A jakiż ona ma szlachetny wyraz pysia Zenek też piękny
Moje dziewczynki przywitały się dziś rano syknięciem i nie bardzo miały ochotę na wspólną zabawę... Do pełnej przyjaźni pewnie jeszcze długa droga...
Zaliczyły też niedzielną toaletę - Niunieńka bez problemu poddaje się tym zabiegom, natomiast Gadżet... hmmm, szczerze nienawidzi obcinania pazurków
Uszka są już w dobrym stanie, ale wydobyłam z nich jeszcze trochę brunatnej wydzieliny i zaaplikowałam crotamiton.

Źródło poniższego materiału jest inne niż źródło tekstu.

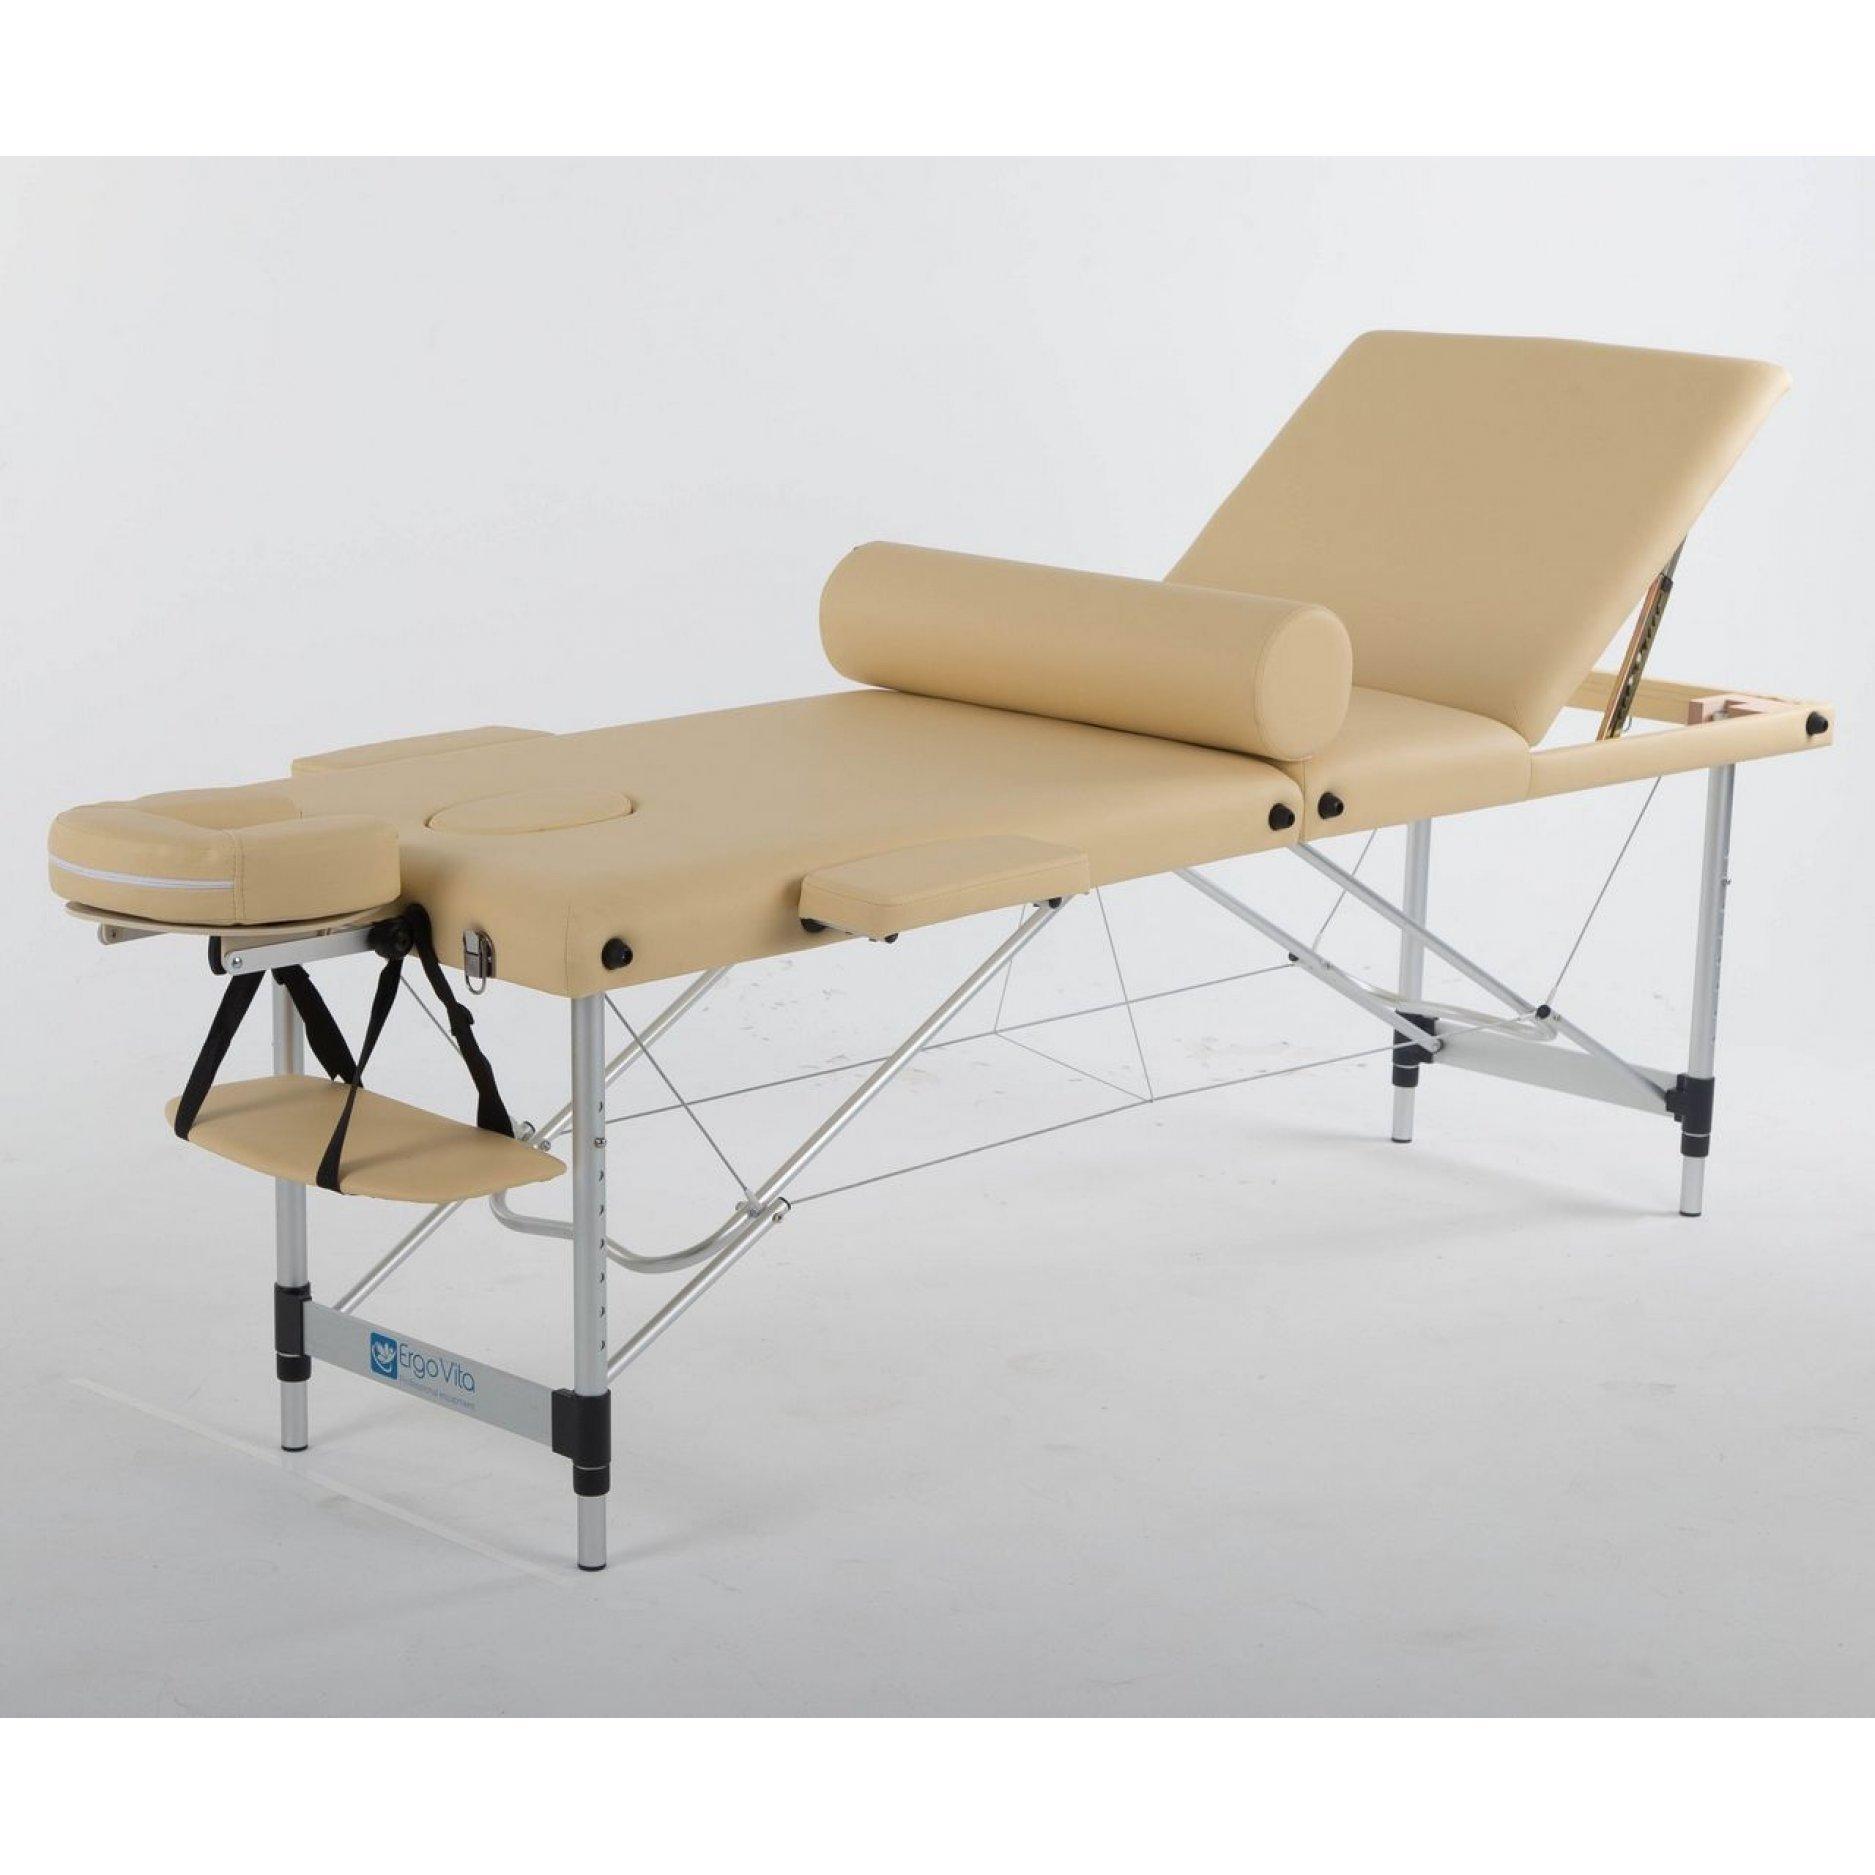 Складной массажный стол ErgoVita Classic Alu Plus бежевый

Czesanie poszło już z górki
Ona chyba kudłacieje coraz bardziej
. Zauważyłam to obcinając jej pazurki i czyszcząc uszka. Ma coraz więcej kudełków między paluszkami (trzeba doszukiwać się pazurka A teraz pańcia podjęła decyzję o uchyleniu drzwi do sypialni, Gagunia tam wpadła jak rakieta, zaczęła obwąchiwać łóżko, teraz się myje.
Zobaczę, jaki będzie efekt tych eksperymentów...
Mam nadzieję, że już zapomniała o swoich niegodnych praktykach...
PS - wczoraj Gagunia bardzo mało jadła - mam nadzieję, ze to efekt szczepienia...







.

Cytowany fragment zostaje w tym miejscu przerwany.